According to one poll, a majority of workers have used AI, at least infrequently. Only a quarter use it daily or frequently, but another 30% use it occasionally.
The younger you are, the more likely you are to use AI: “Gen Zers (37%) and millennials (35%) are the most likely to have used AI in their jobs. Just 25% of Gen Xers and 17% of baby boomers report using AI tools like ChatGPT at work.”
Students use AI a lot. 40% have used AI, and 20% use it daily.
Workers of color use AI more than White workers: “41% of Asian employees, 38% of Black and 36% of Hispanic workers hav[e] used AI software in their roles. That compares with 23% of white workers who said the same.”
Part of the disparity in numbers is definitional. What constitutes “AI?” Google uses it in search and email apps we all use daily. That’s quite a bit different than generating an AI video. Still, the upshot is this: a lot of people are using AI already, and adoption rates will accelerate.
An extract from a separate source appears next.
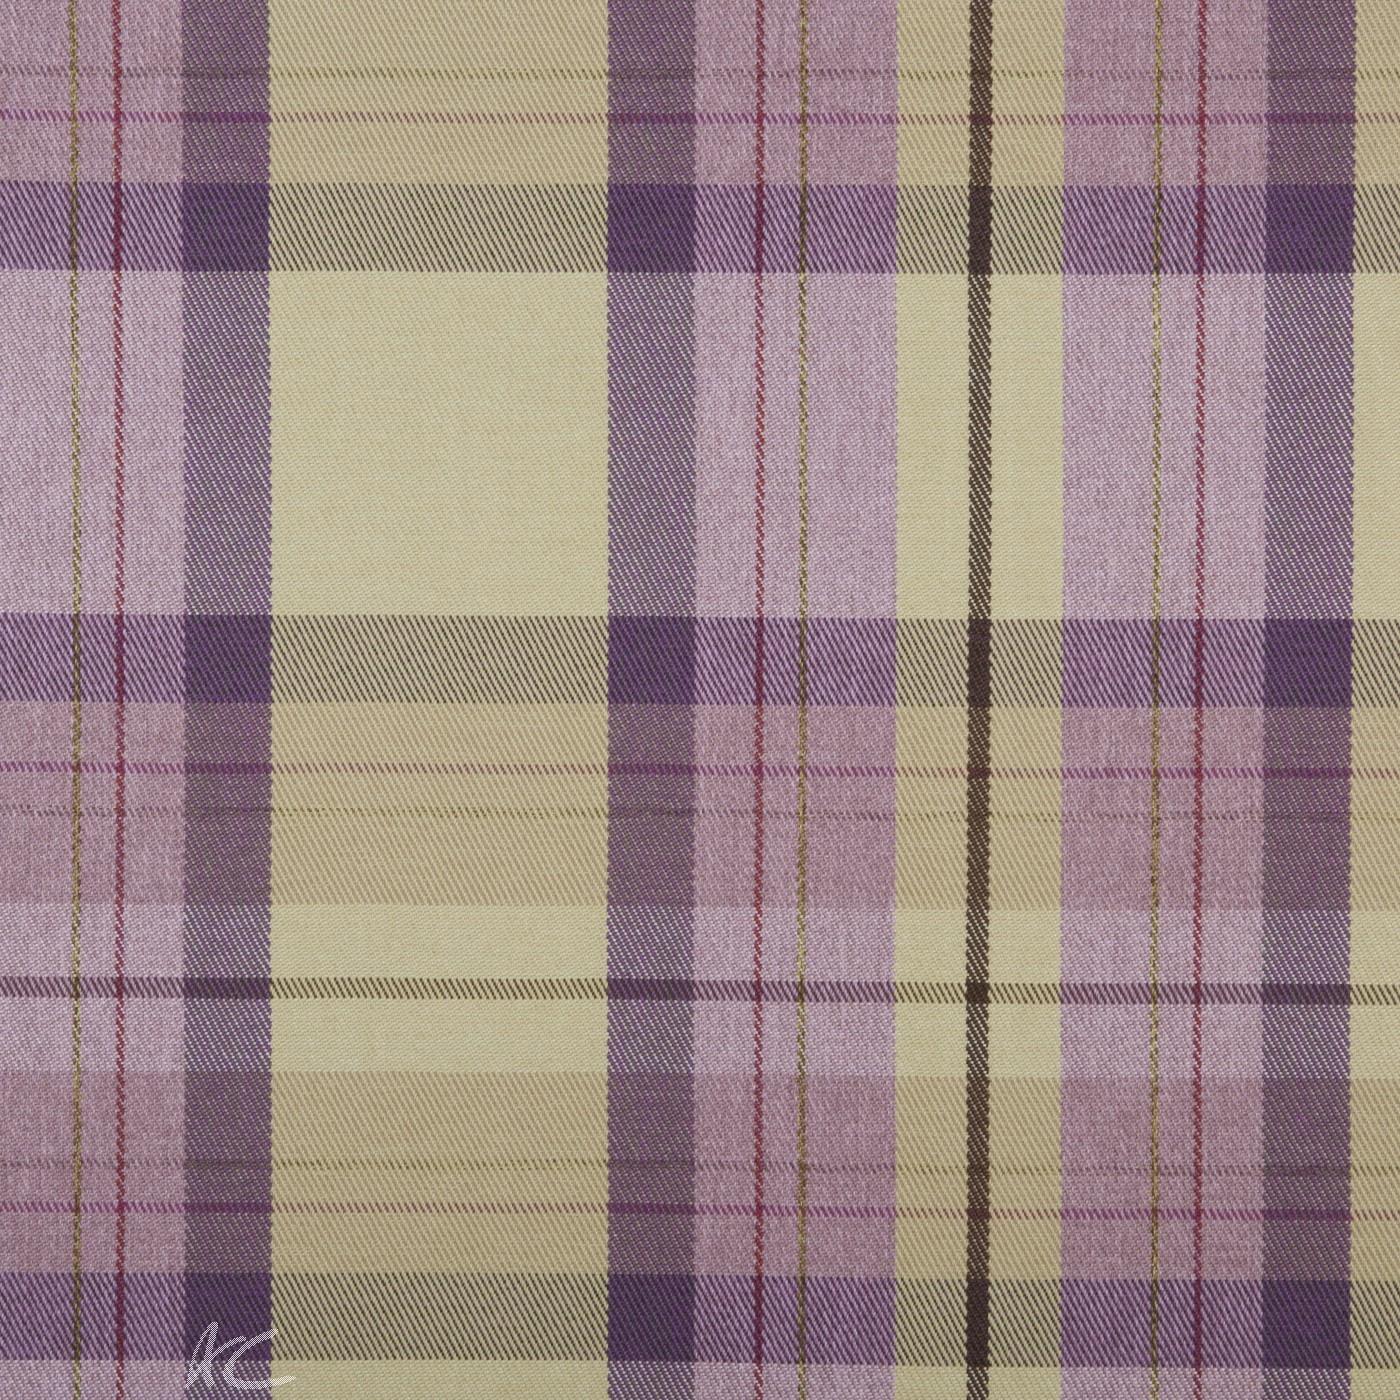 Prestigious Textiles Highlands Cairngorm Thistle Curtain Fabric

For what it’s worth, I agree with the folks who think AI is going to radically transform our lives. To take one example that I bumped up against in Budapest: translation. This isn’t new tech—I was absolutely delighted to be able to use Google to translate historic texts when I was writing The Beer Bible a decade ago. But it has gotten more accurate and efficient. You can translate signs with Google Translate, and we’re getting very close to being able to translate each other’s words in real time, Star Trek universal translator-style. (I actually pulled off a rudimentary version of this in Poland five years ago and managed to get into and see a doctor by speaking into a phone, having it translate to Polish, and then speak the words to the people at the clinic.)
Where my thinking has changed is that I don’t think the transition will be as shocking as I did a year ago. This isn’t going to be the car replacing the horse. It will be a slower, more orderly process as various tools emerge that we plug into our daily/work lives. The internet was a massive, transformational technology, too. But it wasn’t transformational instantly. We had to take different technologies and knit them together. The modern smart phone is a wondrous tool not because it harnesses so many different applications and knits them together. I suspect AI is going to look the same. It will bring together a bunch of small tools that will, eventually, create a world that we couldn’t have imagined or predicted back when I wrote my first post here.